The effects of daily TMZ (35 mg/kg) and/or Nira (20 mg/kg), administered i.p. 5 days per week, on RPMI8226 cell growth were examined in a human plasmacytoma xenograft model via subcutaneous injection. TMZ plus Nira regimen resulted in significantly reduced tumor volume and weight over time, compared with the vehicle and single-agent treatment groups (Figures 6(a)–6(c)). During the three weeks of treatment, the combination regimen showed no significant weight loss, and the animals showed good general health and activity, with no signs of discomfort, which showed a good tolerability for the Nira and TMZ combination.

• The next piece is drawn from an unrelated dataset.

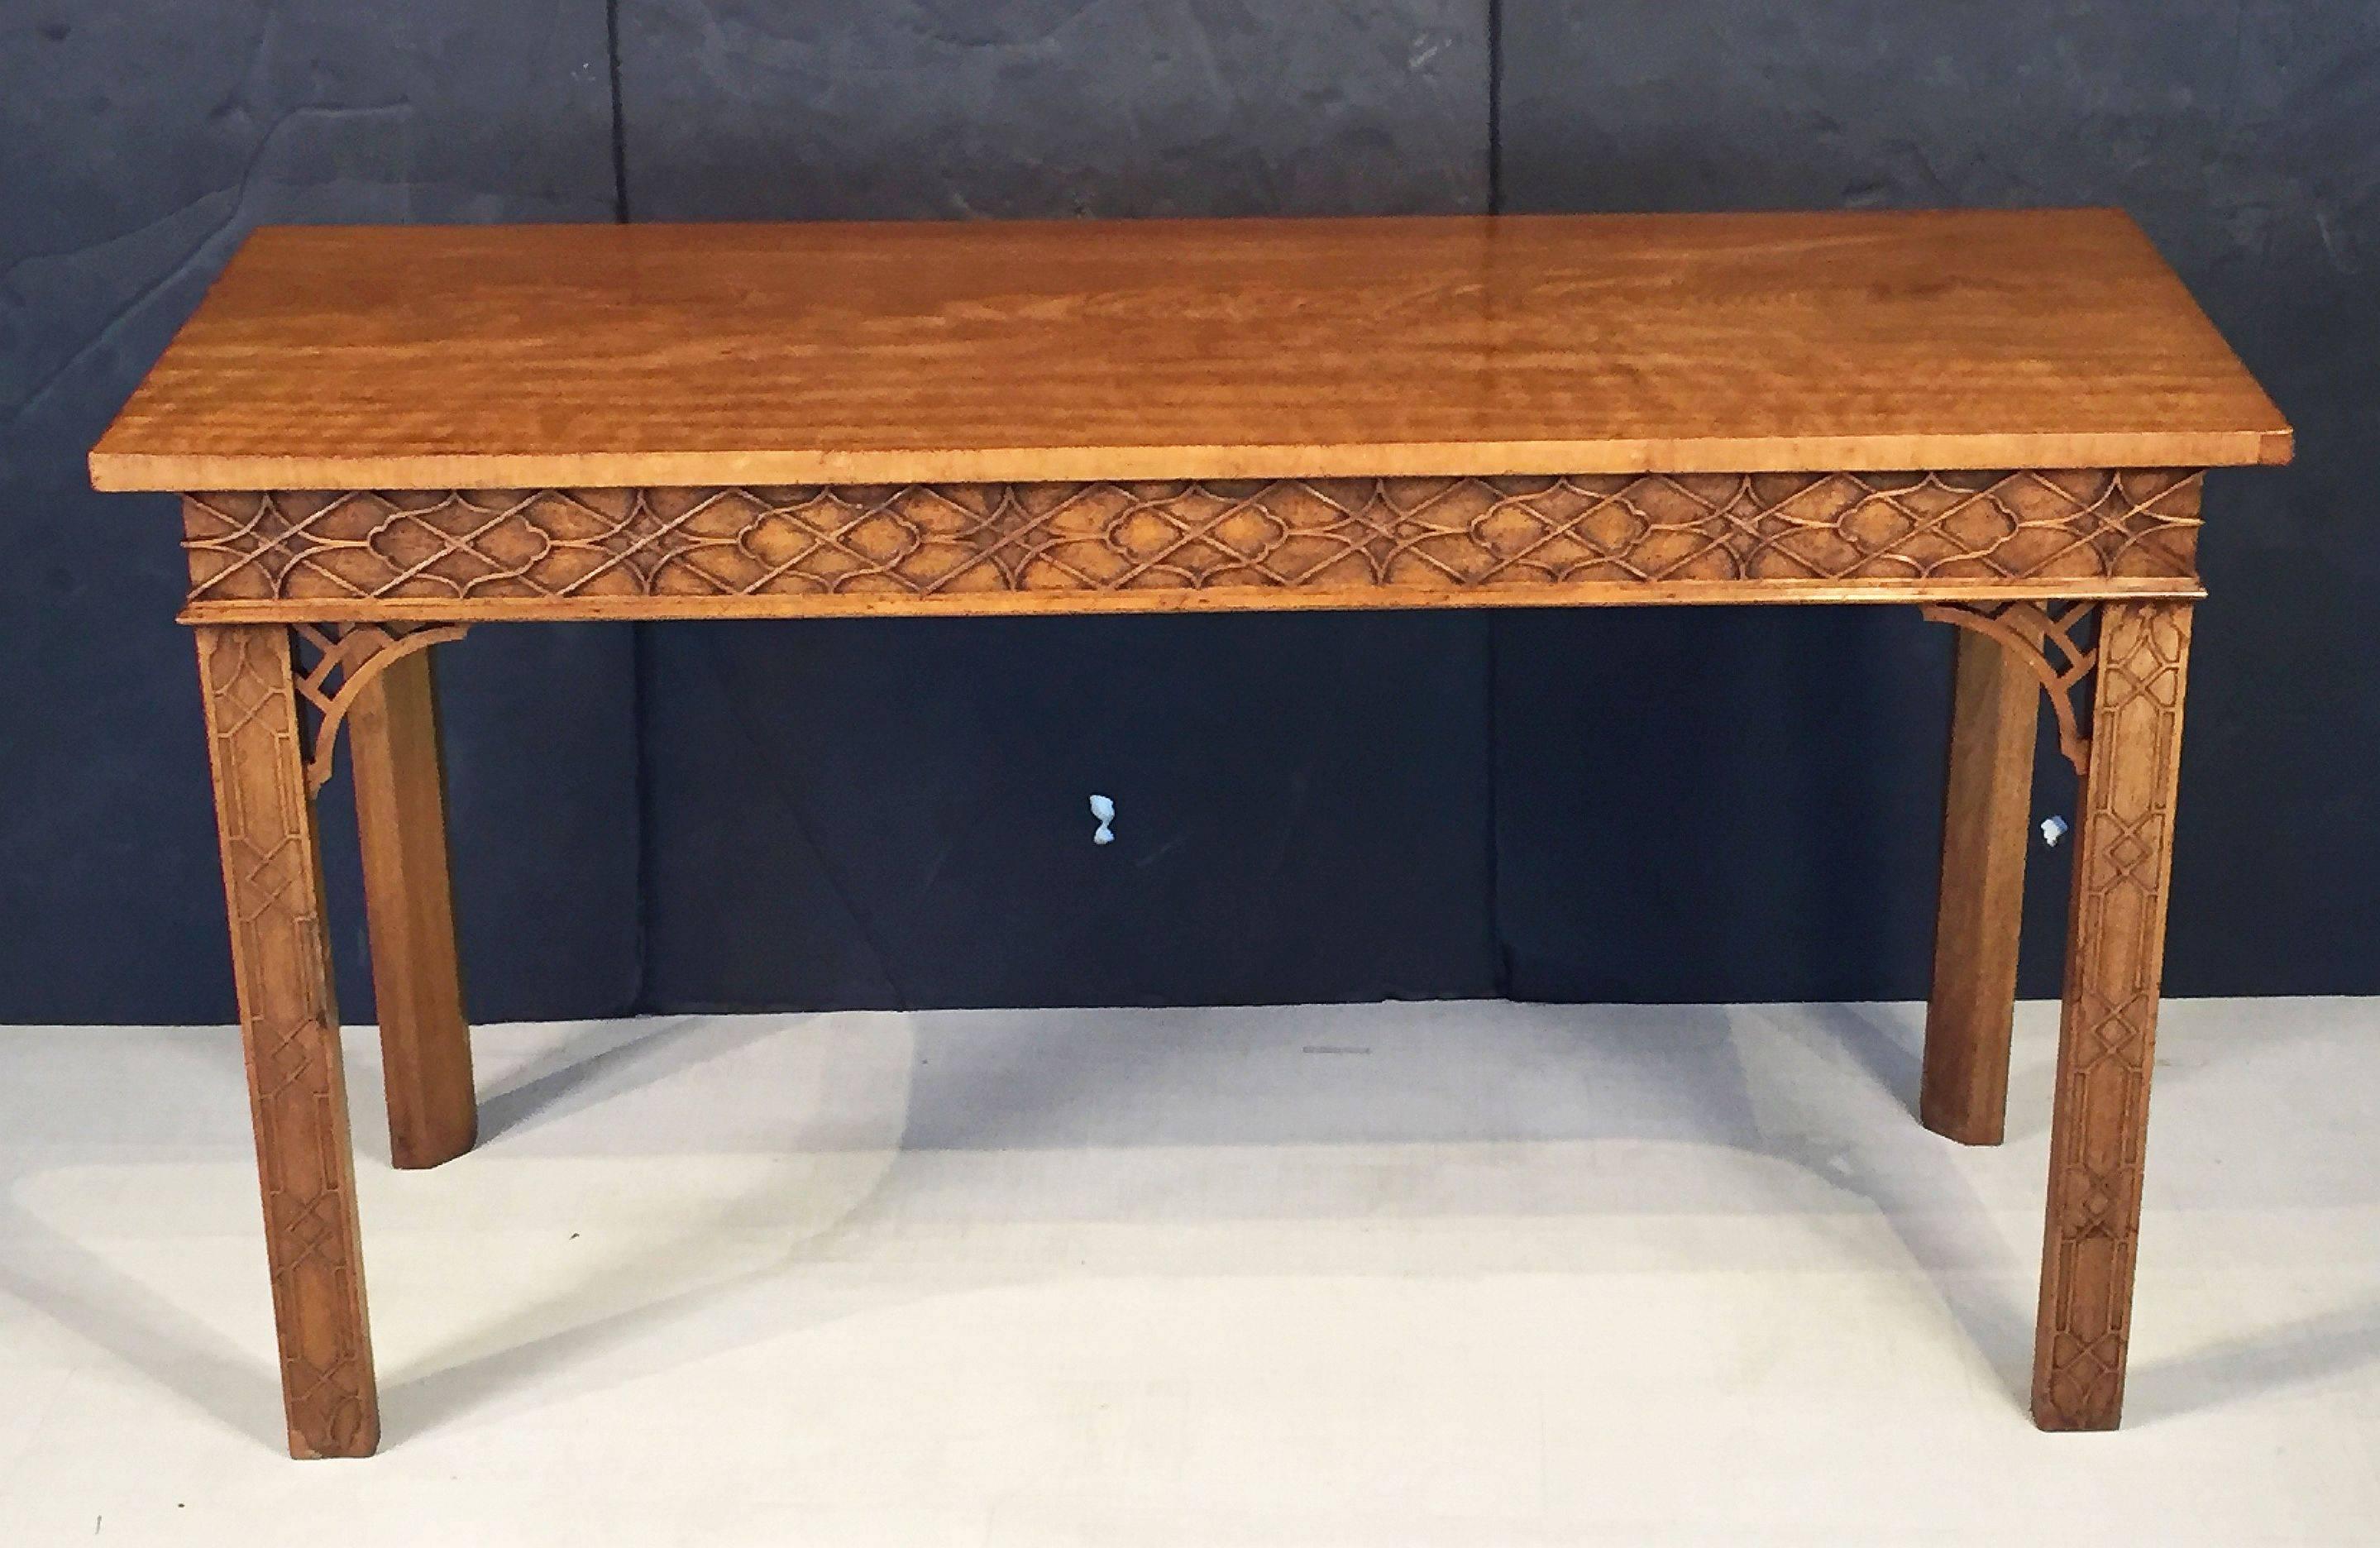 A fine English walnut console table or buffet server in the Chinese Chippendale style, featuring a figured walnut top over a carved fretwork frieze to the front and sides, on handsome carved canted supports, each leg with carved fretwork at the

At the end of drug administration, euthanasia was performed, and tumors were extracted and analyzed by immunohistochemistry (IHC) for Ki67 and cleaved caspase-3, which are proliferative and apoptotic biomarkers in tumors. The tumors were also examined by TUNEL assay to assess in situ apoptosis to further confirm the above findings. Apoptotic (TUNEL- and cleaved caspase-3-positive) cells in the combination group were extensively increased as well as the morphologic features of apoptosis (Figures 6(d) and 6(e)). On the contrary, proliferative (Ki67-positive) cells were overtly decreased (Figure 6(e)), in accordance with the previously observed proliferation arrest. Moreover, we demonstrated that γH2A.X and RAD51 expression levels were starkly higher in the combination treatment group (Figure 6(e)), which suggested that the combination regimen enhanced DNA damage and blocked DNA repair. Jointly, these in vivo findings about tumor proliferation corroborated those obtained in cultured cells, further verifying our hypothesis that TMZ-Nira cotreatment produces excellent synergistic effects.